The potential of the match line ML indicating the result of the match / mismatch determination in the TCAM cell CC is determined by the resistance value of the TCAM cell CC.
When the stored data and the search data match (for example, when search data S = 0 is input to the TCAM cell CC in the storage state B = 0, or to the TCAM cell CC in the storage state B = 1) When the search data S = 1 is input), the potential of the match line ML becomes the high output voltage _VCO-H . Similarly, when the TCAM cell CC stores “X”, the stored data and the search data are considered to match, and the potential of the match line ML becomes the high output voltage V _CO-H . In these cases, “HIT” is represented in the truth table of FIG.
On the other hand, when the storage data and the search data do not match (for example, when search data S = 1 is input to the TCAM cell CC in the storage state B = 0, or to the TCAM cell CC in the storage state B = 1) When the search data S = 0 is input), the potential of the match line ML becomes the low output voltage V _CO-M . In this case, “MISS” is represented in the truth table of FIG.
More generally, the logic level of the match line ML when the search data S is input to the TCAM cell CC in which the storage data (b1, b2) is stored via the second search line SL is: ML = / S · b1 + S · b2.

Next, a search operation for the TCAM cell CC will be described. The first and second plate line drivers PD1 and PD2 shift to the search phase when the low voltage L is supplied to the word line WL and the high voltage H is supplied as the search permission signal SE. In the search phase, the first and second plate line drivers PD1 and PD2 cause the first and second plate lines PL1 and PL2 to function as the power supply line _VDD and the ground line GND, respectively.

  In the search operation, first, the match line ML is precharged to the power supply voltage. Thereafter, data is input via the first and second search lines SL and / SL. The search data S input to the second search line SL and the data input to the first search line / SL are in a complementary relationship. By selecting the second search line SL or the first search line / SL, the first and third transistors M1, M1 'or the second and fourth transistors M2, M2' are turned on. As a result, the current paths of the comparison logic circuit 10 and the complementary logic circuit 20 are selected, the charge of the match line ML is discharged to the ground line GND, and the match / mismatch determination between the input data and the stored data is performed.

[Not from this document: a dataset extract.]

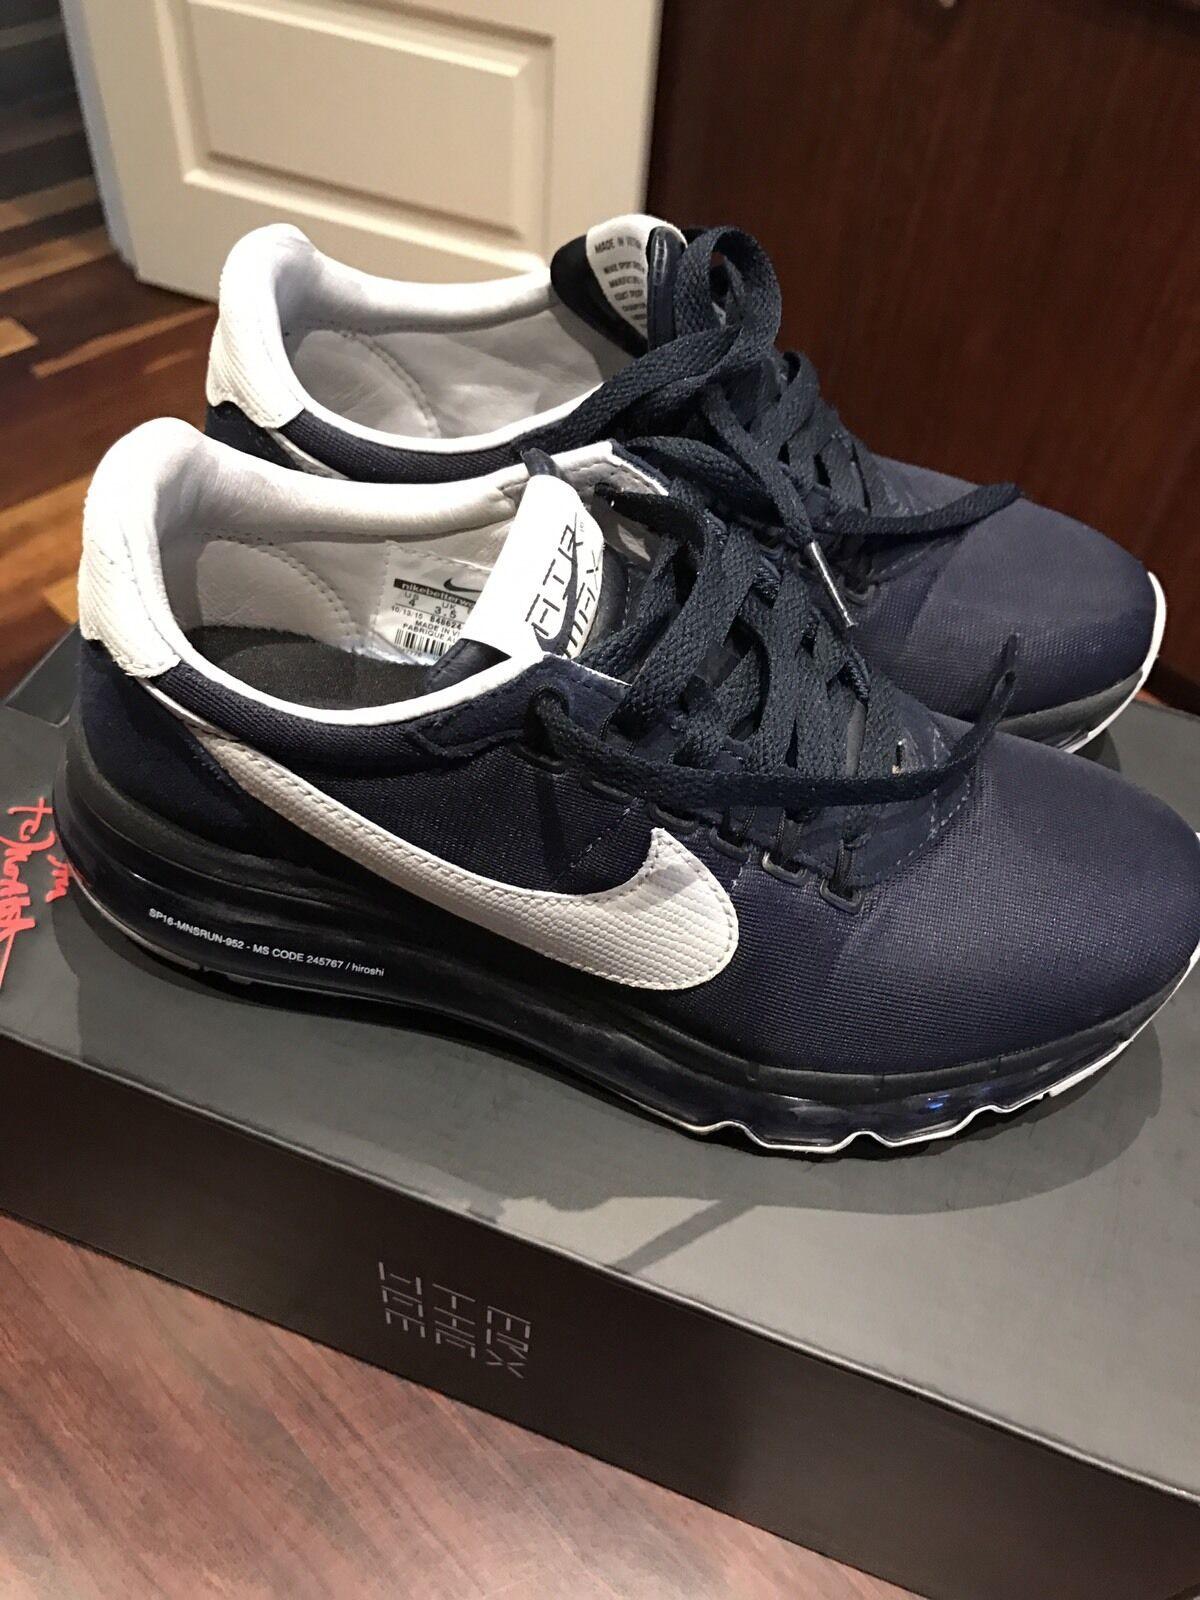 Nike Air Max LD Zero 2018 size us 4 HTM Cheap and beautiful fashion

The discharge of the match line ML is controlled by the transistor M3 that functions as a diode switch. If the potential of the match line ML is higher than the output voltage _{V CO} of TCAM cell CC, transistor M3 is turned on, the charge of the match line ML is discharged to the ground line GND. When the potential of the match line ML is below V _CO, transistor M3 is turned off, discharging of the match line ML is cut off. For this reason, the potential of the match line ML precharged to the power supply voltage at the time of the search operation is stored up to the high output voltage V _CO-H when the stored data matches the input data (HIT). When the data and the input data do not match (MISS), each is discharged to the low output voltage V _CO-M . Therefore, by detecting the potential of the match line ML, it is possible to obtain the result of the match / mismatch determination in each TCAM cell CC.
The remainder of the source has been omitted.